Accumulation of neurofibrillary tau tangles not only causes the memory loss that occurs in Alzheimer’s disease but also may be responsible for the memory deficits seen in normal aging and in some cases of mild cognitive impairment, a study from Northwestern University and the University of Miami has found.
Mild cognitive impairment is isolated memory loss more severe than what is associated with “normal aging,” but without the additional cognitive difficulties or disruptions of daily living activities characteristic of Alzheimer’s disease.
Individuals with mild cognitive impairment have been shown to develop Alzheimer’s at a higher rate than those without cognitive impairment, suggesting that mild cognitive impairment may represent an intermediate stage between aging-related memory loss and Alzheimer’s disease.
Angela L. Guillozet, a researcher in the Cognitive Neurology and Alzheimer’s Disease Center at Northwestern University, and colleagues reported in the May issue of Archives of Neurology that neurofibrillary tangles are more numerous in brain regions associated with memory function and correlate with performance on memory tests in cognitively normal elderly persons and those with mild cognitive impairment.
The group’s study also showed that beta-amyloid plaques, the other diagnostic marker for Alzheimer disease — which some researchers believe cause the memory-robbing neurodegeneration that occurs in Alzheimer’s — do not play a significant role in cognitive status prior to the development of Alzheimer’s disease.
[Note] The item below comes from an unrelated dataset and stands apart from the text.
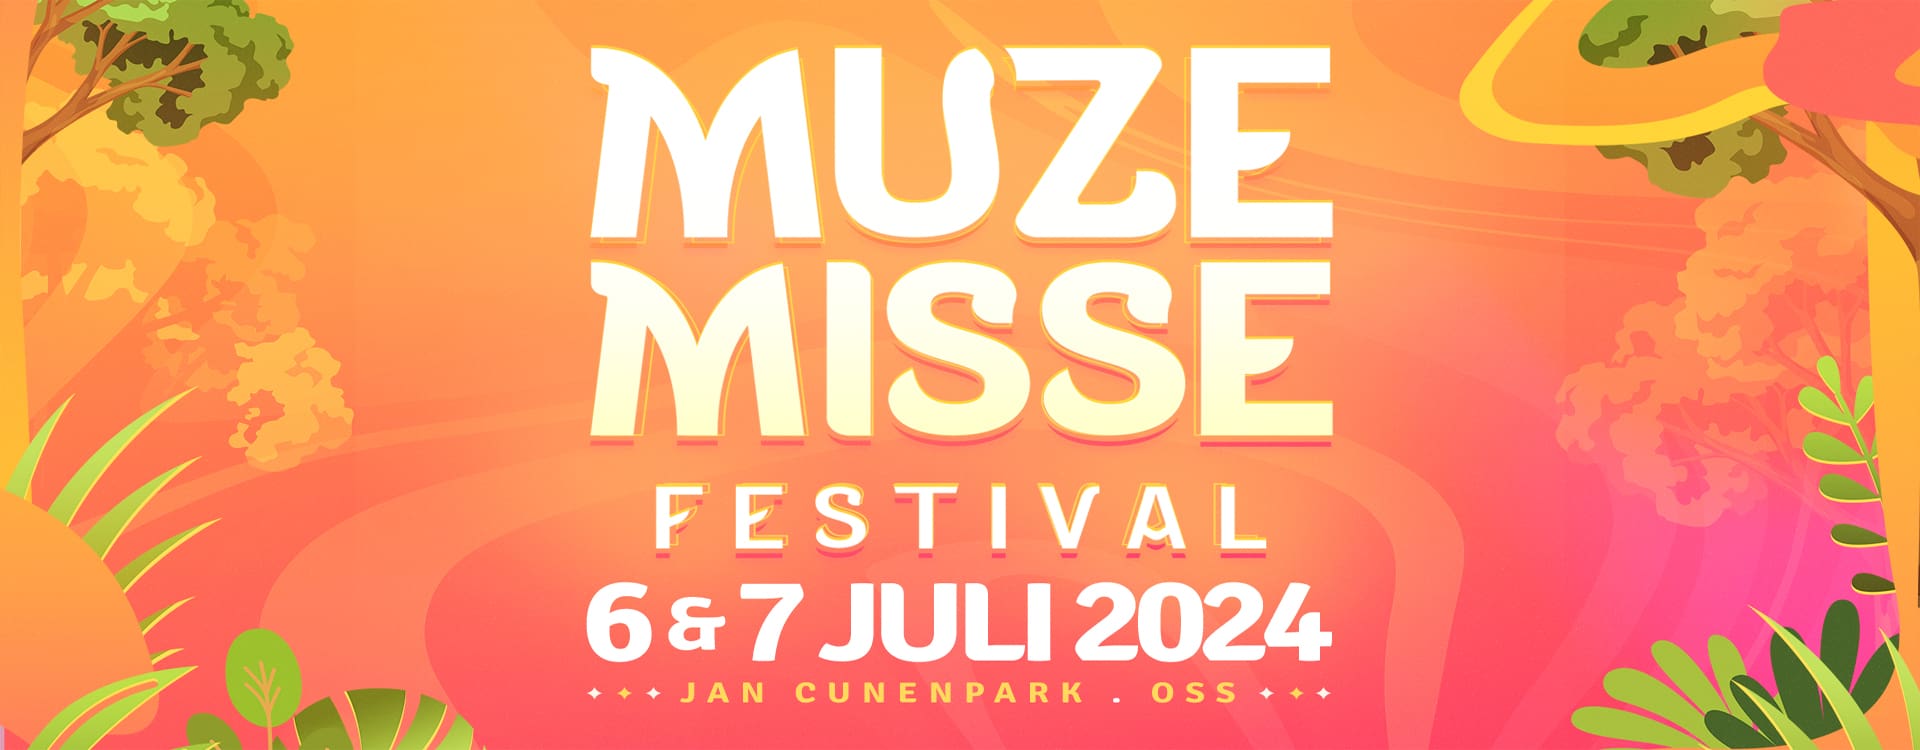 Muze Misse - Banner 2024

The researchers investigated tangle distribution in the brain and neuropsychological test results in five persons with no cognitive impairment and three with mild cognitive impairment who had agreed to donate their brain after death. The last test occurred between 15 days and a little over a year before death.
They found that individuals with mild cognitive impairment had higher densities of neurofibrillary tangles than did nonimpaired persons. In addition, tangle density in brain regions associated with memory function correlated with scores on memory tests, but density of beta-amyloid did not.
Results of their study indicate that neurofibrillary tangles may constitute the basis of memory loss not only in Alzheimer’s disease but also in normal aging and mild cognitive impairment. Further, the results seem to confirm findings from other studies that discerned no relationship between amyloid distribution and dementia severity in Alzheimer’s disease.